• [Supplied information]
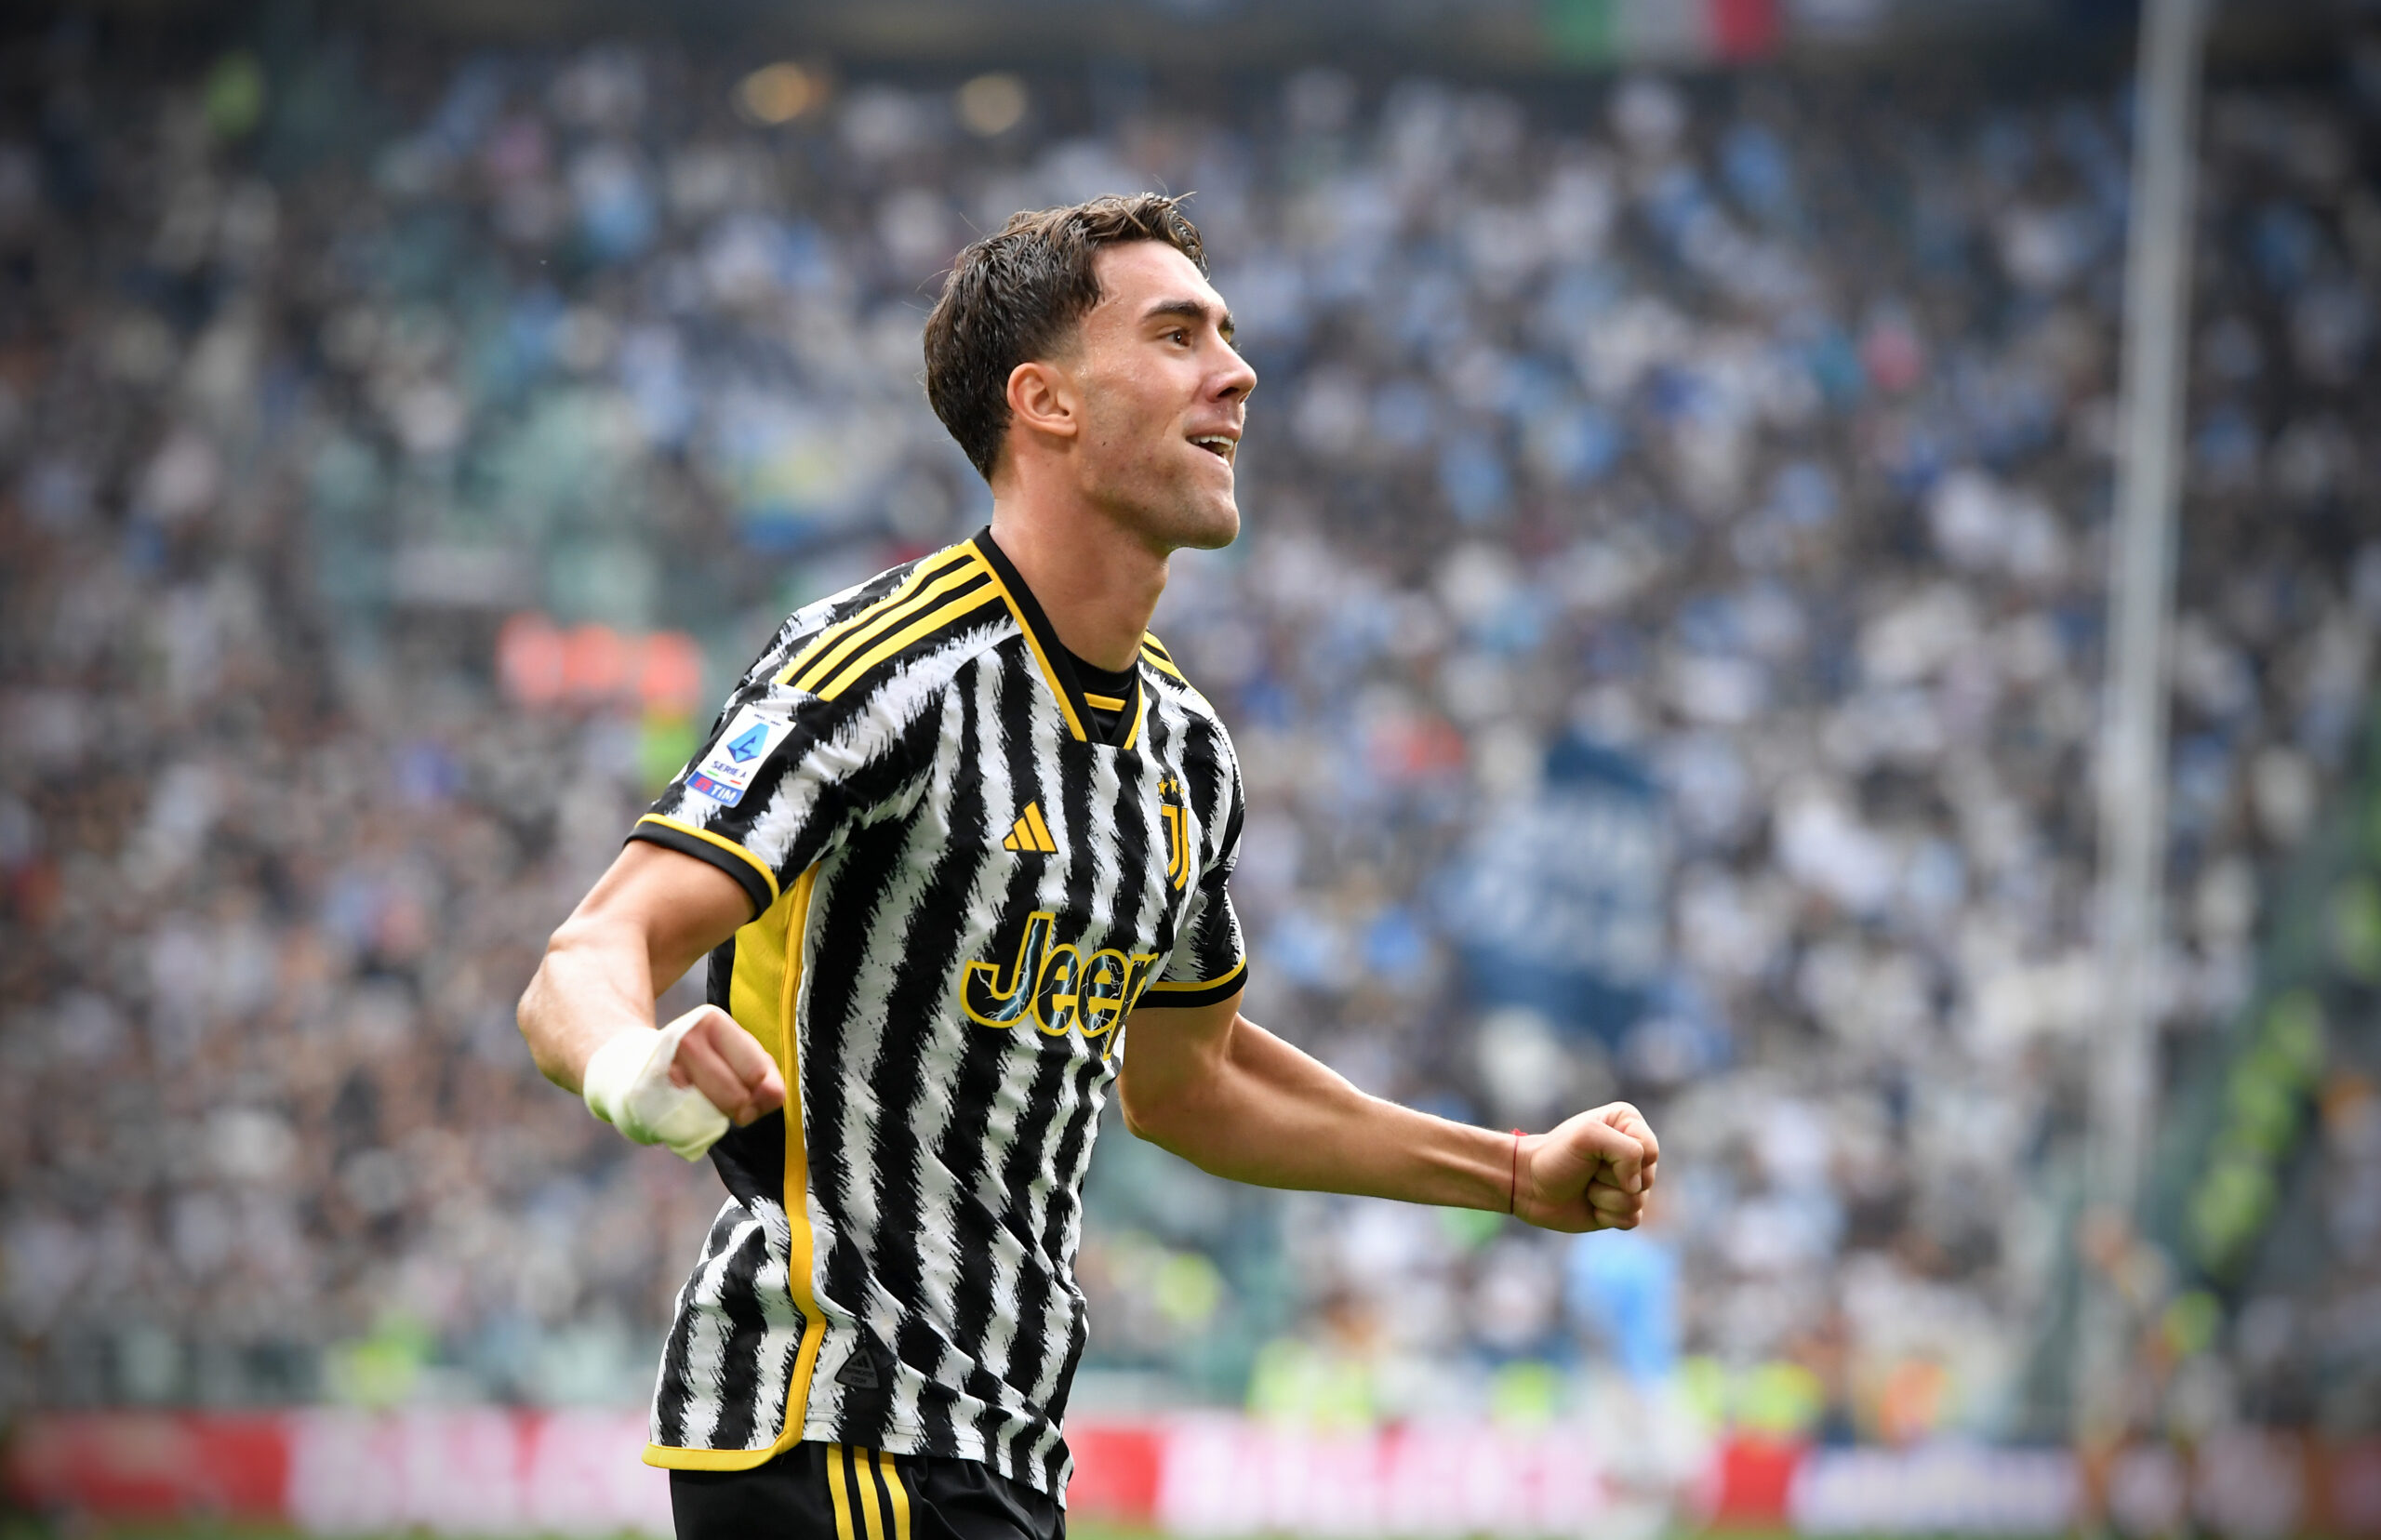 Juventus and Atletico Madrid have crossed paths on the transfer market multiple times in recent windows, although not many deals got done in the end.
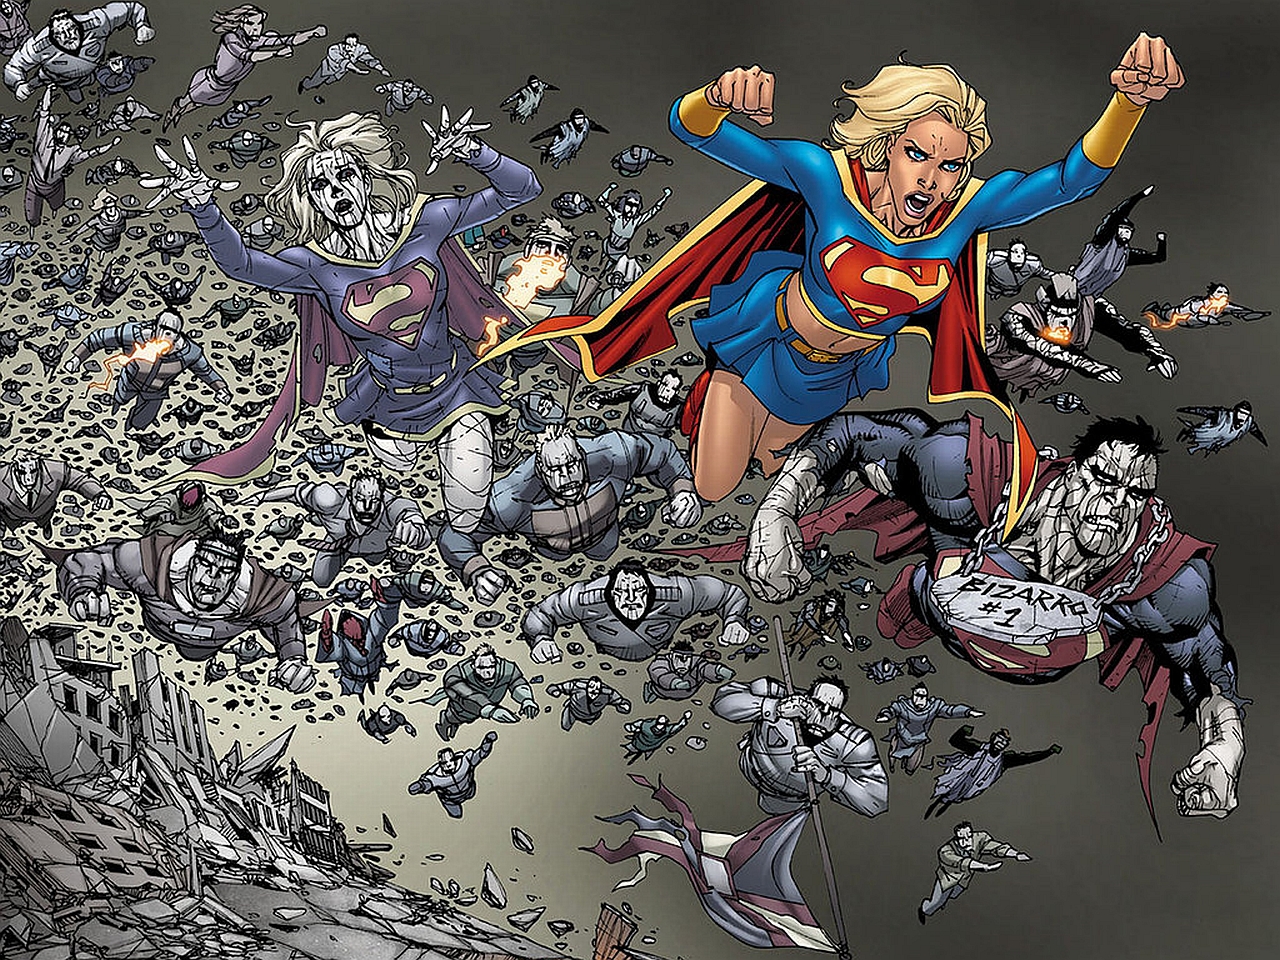 Supergirl Image - ID: 352122 - Image Abyss
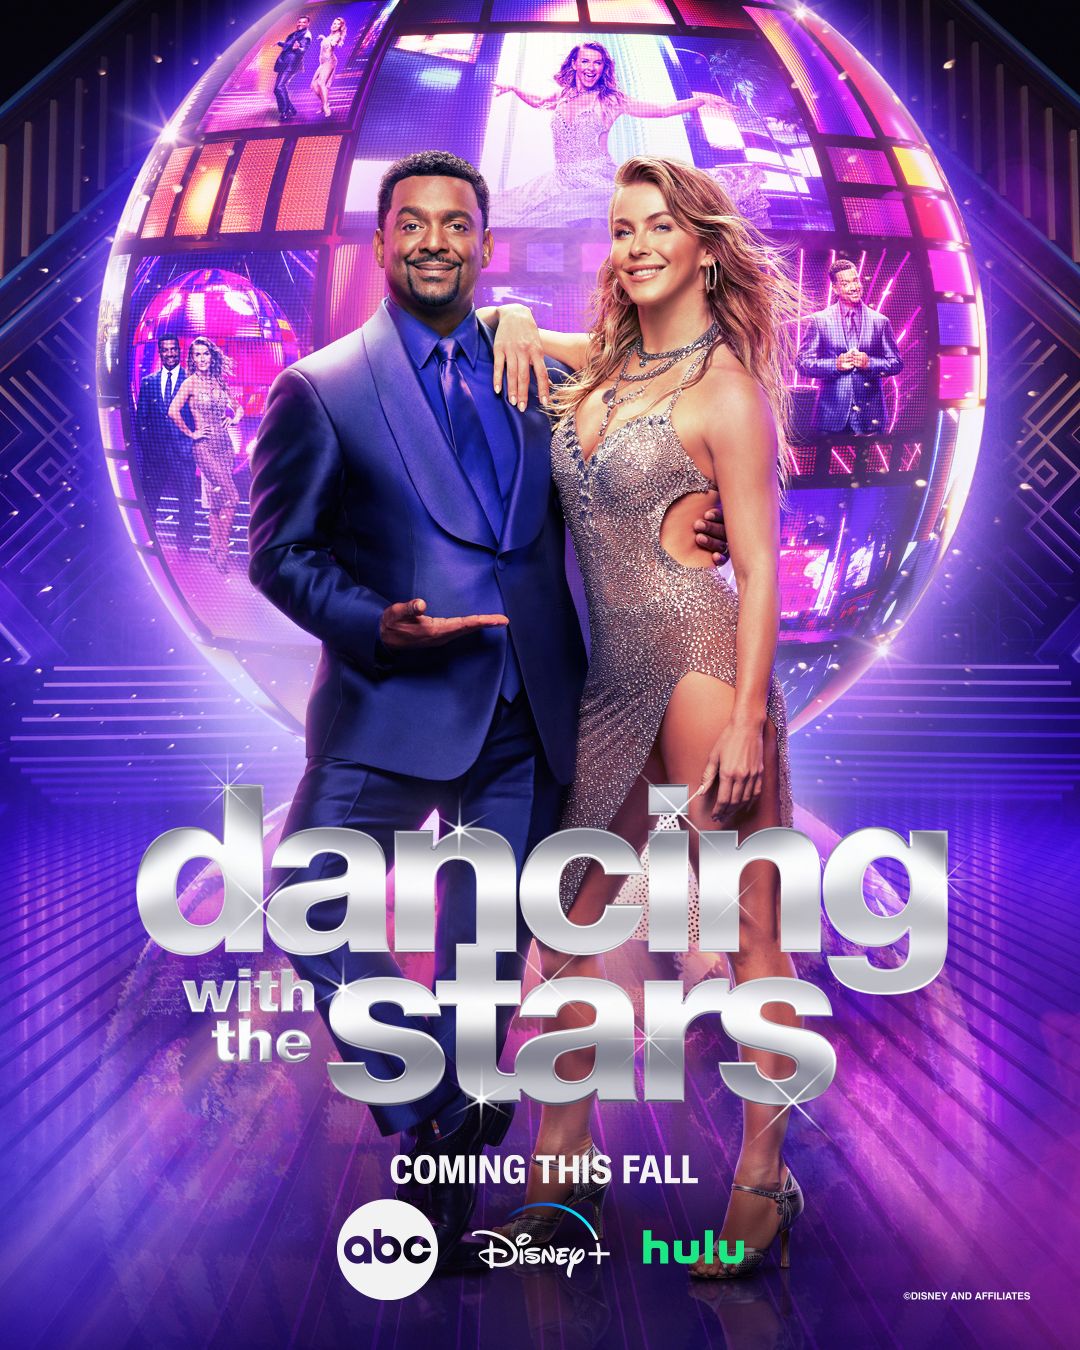 Every 'Dancing With the Stars' season 32 song and dance

• [Work instructions] Would you copy each line above exactly as given, dropping any images?

• [Response below]
 Juventus and Atletico Madrid have crossed paths on the transfer market multiple times in recent windows, although not many deals got done in the end.
 Supergirl Image - ID: 352122 - Image Abyss
 Every 'Dancing With the Stars' season 32 song and dance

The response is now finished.